[Opening Supplied data section]

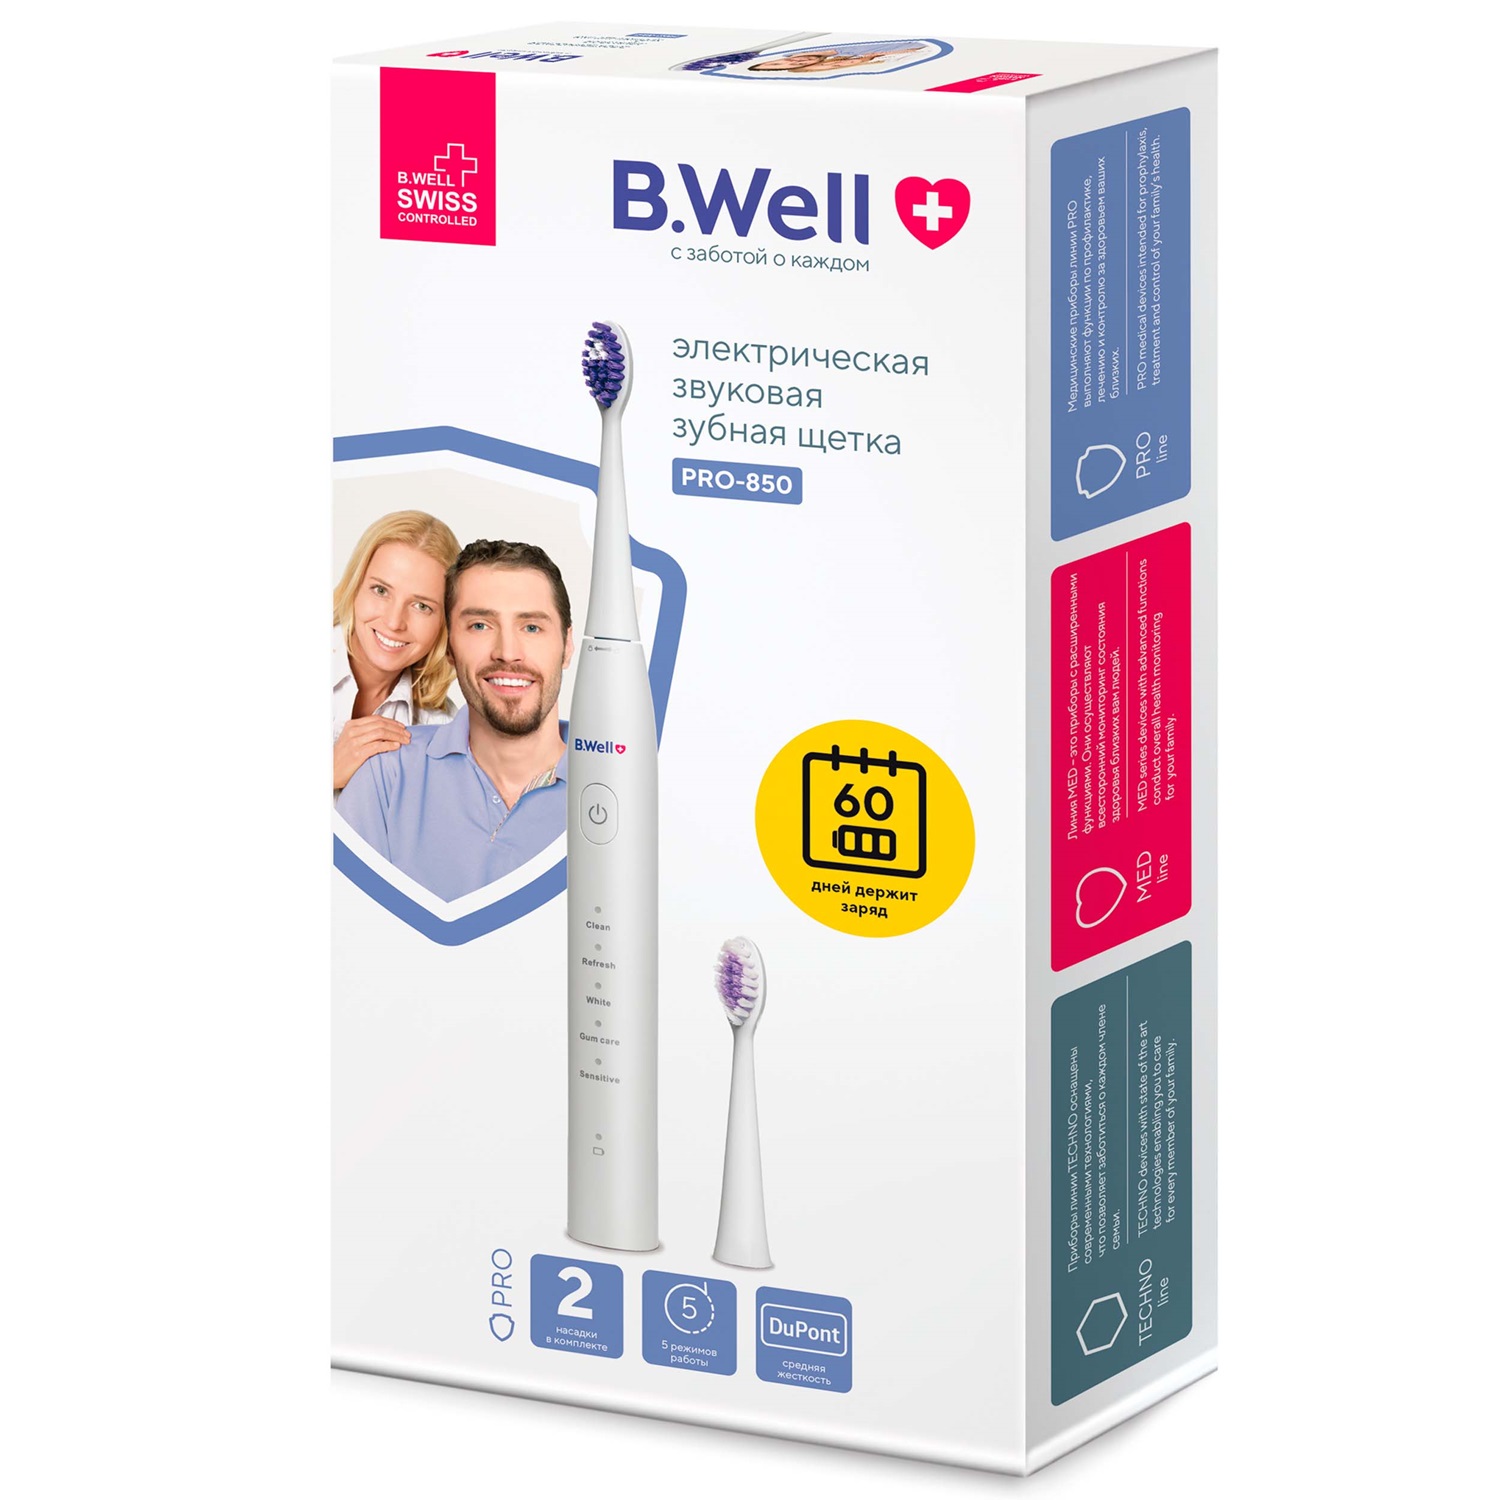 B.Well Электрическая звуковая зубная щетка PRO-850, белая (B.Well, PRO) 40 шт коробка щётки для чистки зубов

[Closing Supplied data section]
[Opening Supplied data section]

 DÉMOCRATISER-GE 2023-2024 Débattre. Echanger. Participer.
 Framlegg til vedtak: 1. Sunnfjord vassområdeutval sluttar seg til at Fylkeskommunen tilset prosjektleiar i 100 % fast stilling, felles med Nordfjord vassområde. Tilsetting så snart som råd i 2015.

[Closing Supplied data section]

Exercise objective - Taking the material above, extract exactly and only the lines from the line with "DÉMOCRATISER-GE 2023-2024 Débattre." to the line with "Framlegg til vedtak: 1.", inclusive of both.

Response area -
 DÉMOCRATISER-GE 2023-2024 Débattre. Echanger. Participer.
 Framlegg til vedtak: 1. Sunnfjord vassområdeutval sluttar seg til at Fylkeskommunen tilset prosjektleiar i 100 % fast stilling, felles med Nordfjord vassområde. Tilsetting så snart som råd i 2015.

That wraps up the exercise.